Rotary-steerable technology lowers drilling time, well costs

May 20, 2002
Rotary steerable, directional-drilling systems increased rate of penetration (ROP) and saved more than 100 days of rig time when used to drill complex 3D wellpaths in the 121/4-in. and 81/2-in. hole sections of Jotun field development wells, compared to conventional directional-drilling systems.

Rotary steerable, directional-drilling systems increased rate of penetration (ROP) and saved more than 100 days of rig time when used to drill complex 3D wellpaths in the 121/4-in. and 81/2-in. hole sections of Jotun field development wells, compared to conventional directional-drilling systems.

The Jotun field lies 165 km off Norway in 127 m of water. Esso Norge AS developed the field, from a wellhead platform using a fit-for-purpose, new-build drilling rig, with complex directional horizontal producers in the Paleocene, Heimdal sandstones at about 2,050 m TVD subsea.

Drilling operations experienced no hole problems or wellbore instability during the 15-well Jotun drilling campaign. The company attributed the success to improved hole cleaning from drill-pipe rotation, as opposed to sliding, and to faster drilling times that reduced shale instability risks.

Rotary-steerable systems provided greater directional-steering accuracy and drilling efficiency in extended-reach drilling applications because drillstring sliding in the wellbore was not required to maintain directional control.

Rotary steerable technology

The Jotun field reservoir target complexity dictated that the company use tortuous directional well paths often resulting in azimuth changes in excess of 90° at high angle horizontal inclinations, making directional drilling essential.

Target tolerances on the order of 1 m were commonplace at measured depths out to 6,000 m.
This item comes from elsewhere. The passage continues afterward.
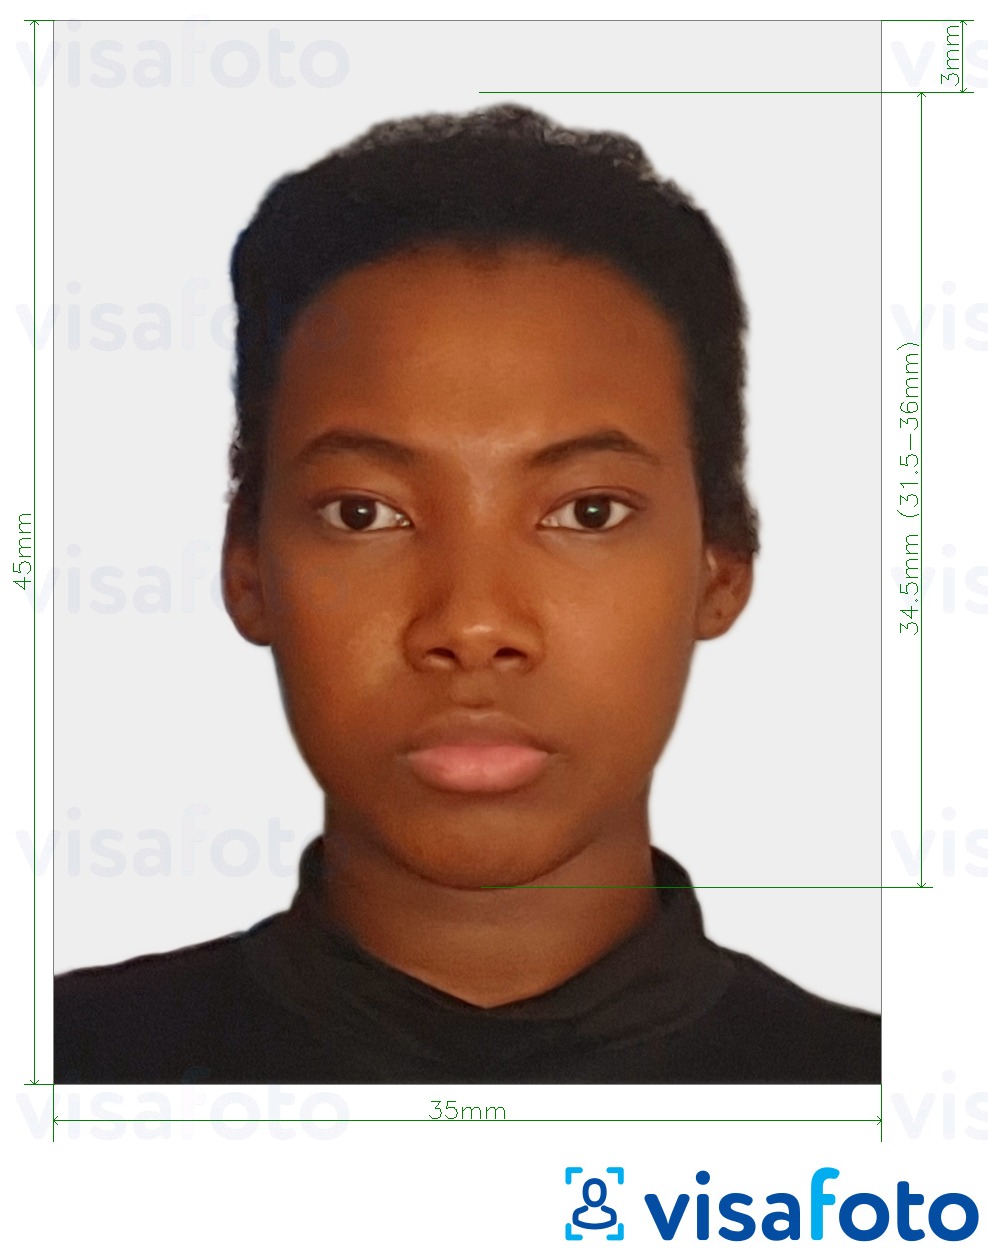 Príklad fotografie pre Surinamské vízum 45x35 mm (1.77x1.37 palca) s presnou špecifikáciou veľkosti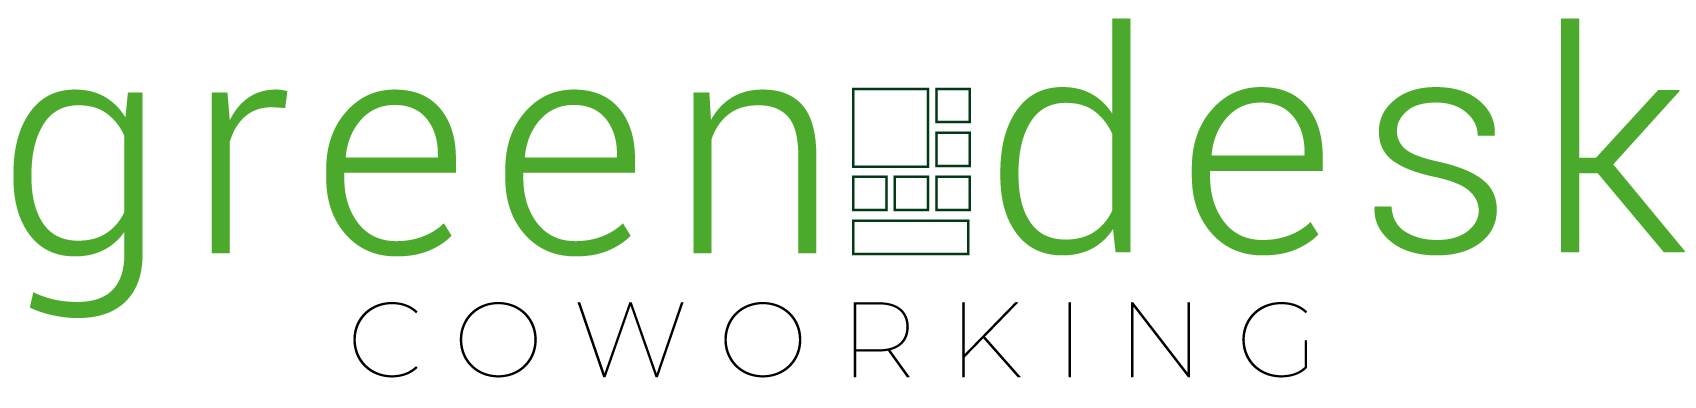 logo-greendesk

Directional control and well tortuousity were critical well design considerations.

The amount of directional drilling a well requires has a significant impact on the drilling ROP that the operator can achieve over a hole's section.

Conventional directional-drilling techniques do not allow drillstring rotation while the well path is being oriented. The drillstring must slide in the wellbore until the path correction achieves the desired direction and inclination.

Rotary-steerable technologies that allow drillstring rotation during directional drilling greatly improve the effective penetration rate, particularly on longer extended-reach wells where friction between the wellbore and drillstring makes sliding difficult.

The company's objective in using rotary-steerable systems for the Jotun field development was to achieve lower cost wells through reduced drilling times.

Esso Norge entered into an agreement with Baker Hughes Inteq to use the AutoTrak rotary-steerable technology on all 12 1/4-in. intermediate and 8 1/2-in. horizontal hole sections in the Jotun-B platform wells.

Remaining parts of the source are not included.